The man who probably has the most to gain from Carter's slumping popularity, Reagan, blasted the Administration as he swung through Texas. Though he supported the rescue attempt, Reagan criticized Carter for waiting so long and charged that the botched mission had worsened the crisis. He also castigated Carter for not spending enough to strengthen the nation's defense as it entered what Reagan described as "one of the most dangerous decades in the history of Western civilization."
Reagan did more stumping in Texas than he had originally planned, hitting five cities in three days, to blunt the challenge of Texan George Bush, who spent some $500,000 campaigning in the state, compared with Reagan's $150,000.
Bush's big spending paid off in a moral victory in the Texas popular vote, enabling him to finish close on the heels of the front-running Reagan. This surprising showing is certain to keep Bush's candidacy alive, perhaps at least through June 3, when California and eight other states hold primaries. Even before the Texas results started coming in, Bush said: "I'm going to stay in this race all the way." That might prove discouraging. In the crucial Texas race for G.O.P. Convention votes, Reagan seemed likely to win roughly three-fourths of the delegates. He also crushed Bush in the Arizona, Oklahoma, Missouri, Minnesota and Guam delegate selections.
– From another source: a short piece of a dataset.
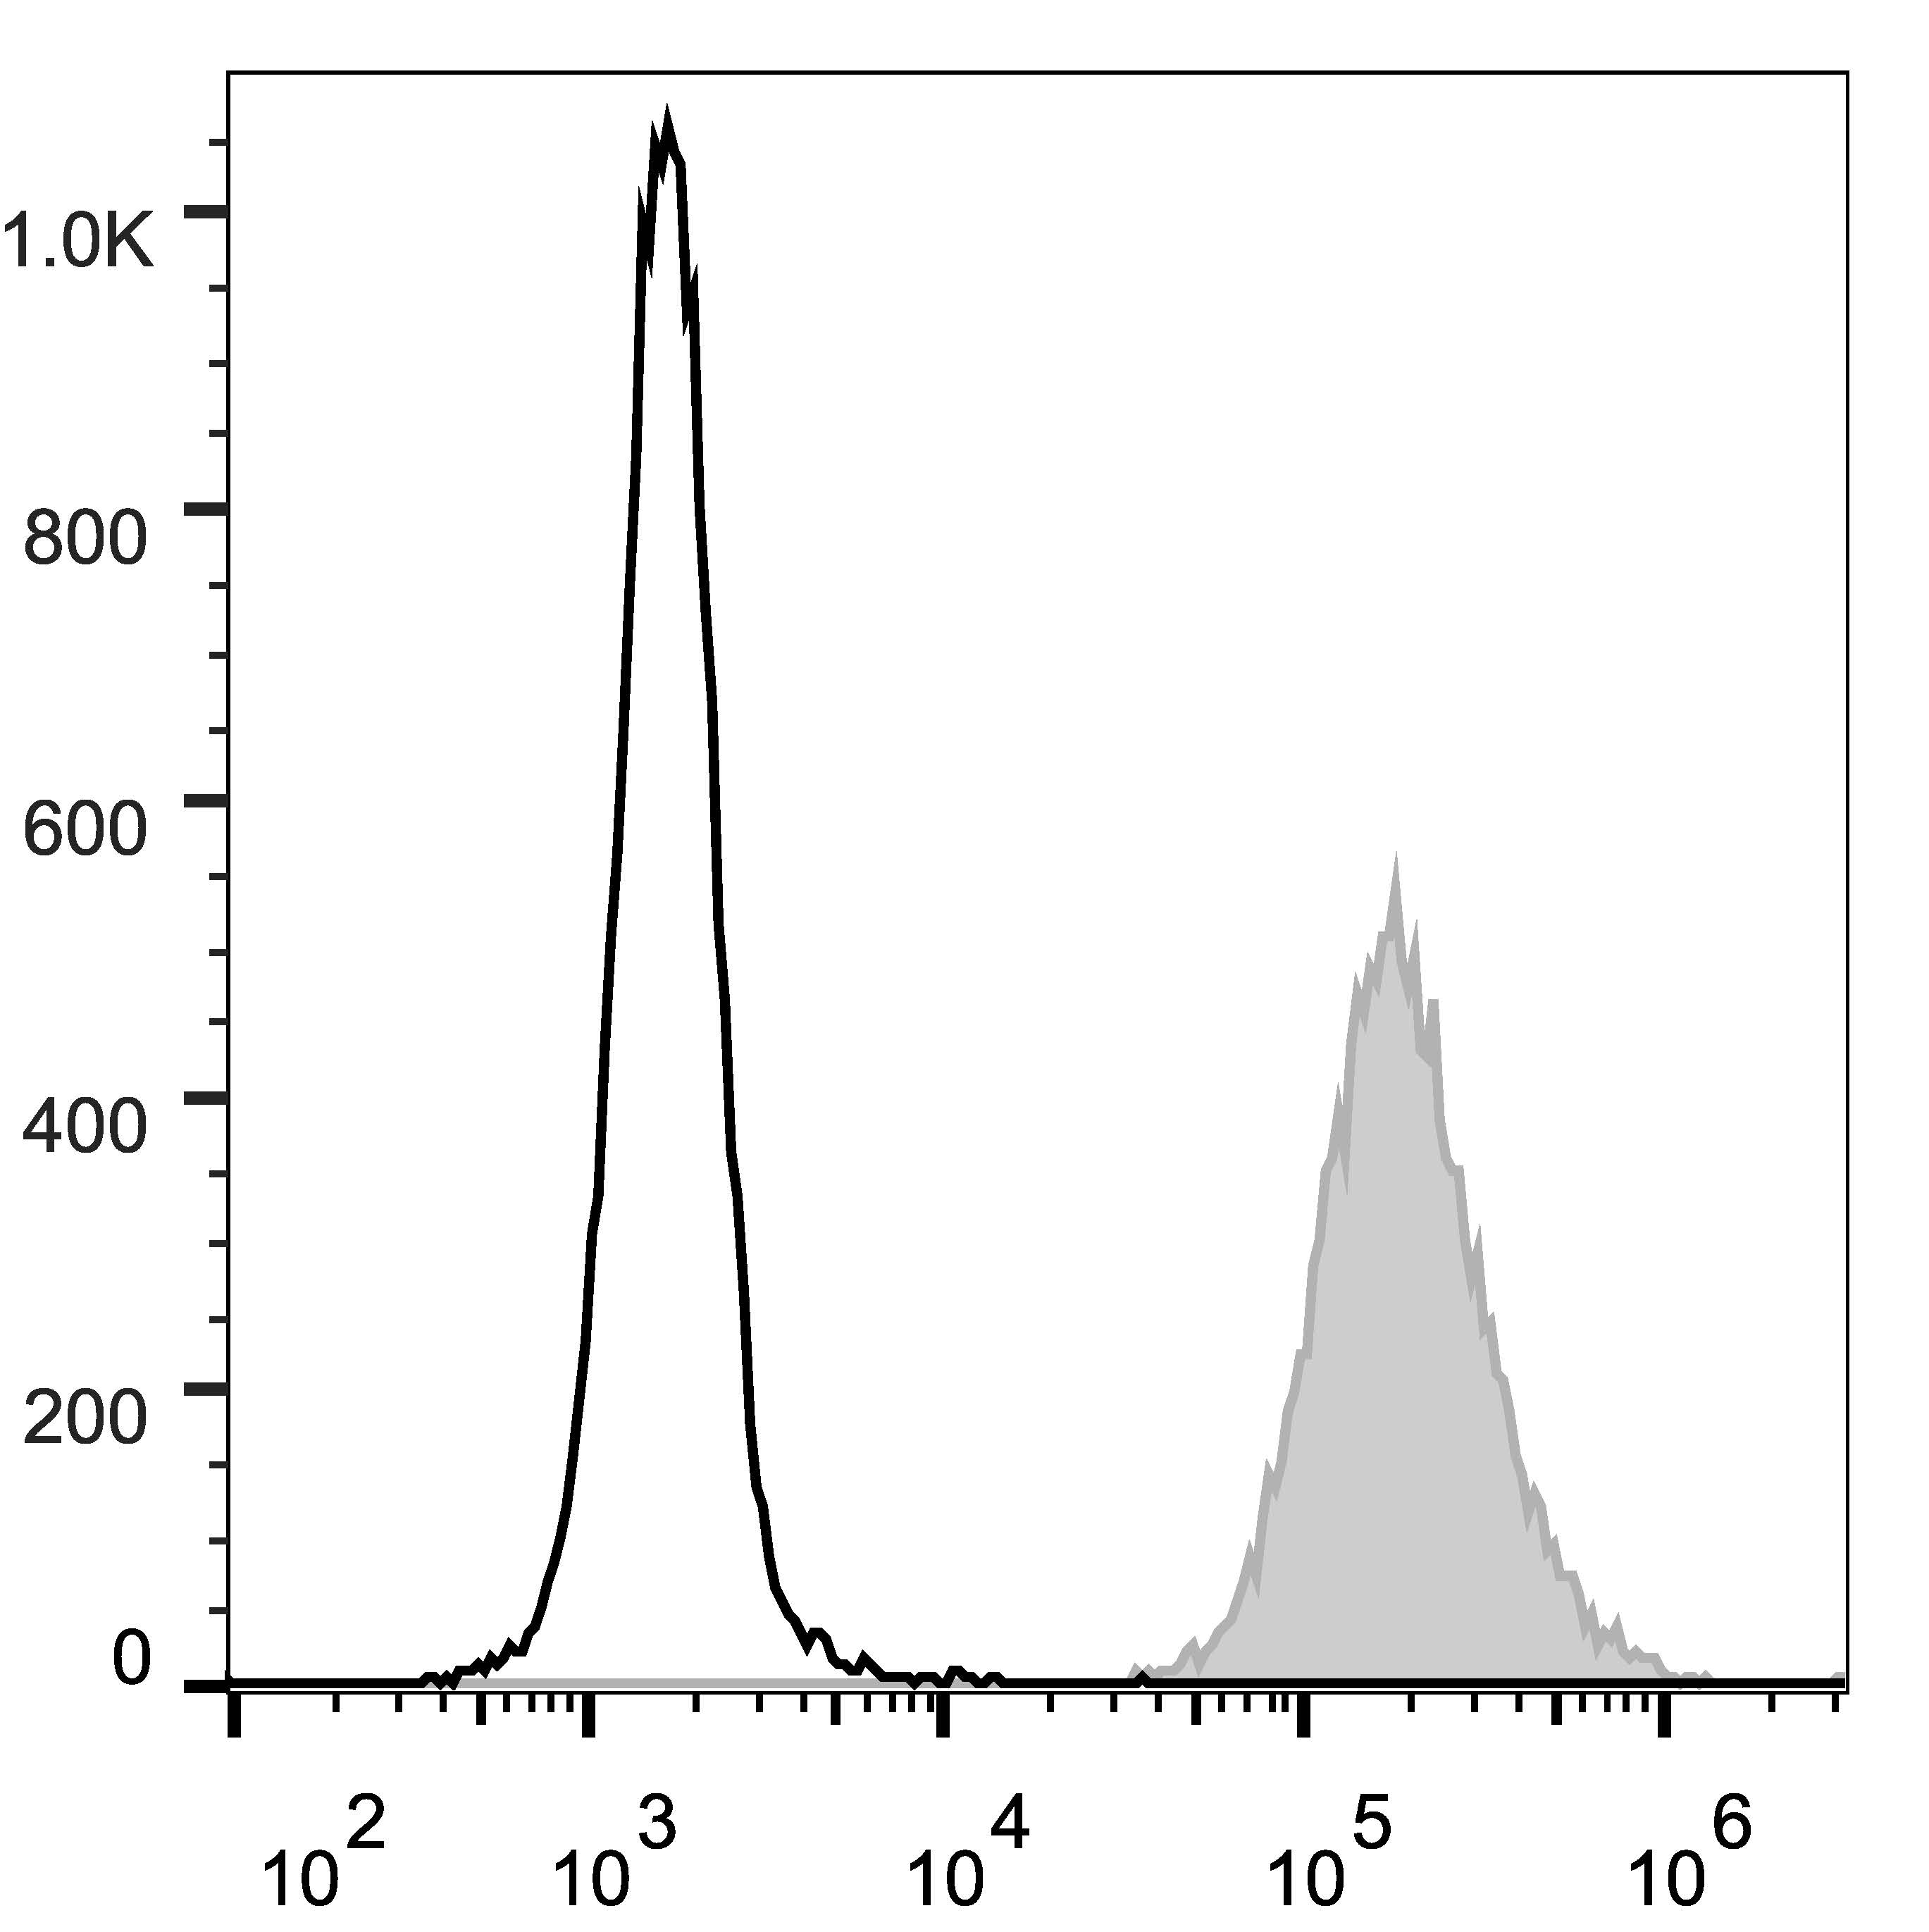 Human peripheral blood granulocytes are stained with Anti-Human CD15 Monoclonal Antibody(PerCP/Cyanine5.5 Conjugated)(filled gray histogram). Unstained granulocytes (empty black histogram) are used as control.

While Democrats and Republicans were slugging it out in Texas, Independent John Anderson spent his first week of campaigning without a party by marching through Georgia, West Virginia, Michigan and Massachusetts despite polls showing him with only 20% of the vote and pundits' predictions that he will fail. Anderson's effort is as much crusade as campaign, and it is perhaps best summed up by the line he frequently paraphrases from Robert Louis Stevenson: "It is often better to journey with hope than to arrive."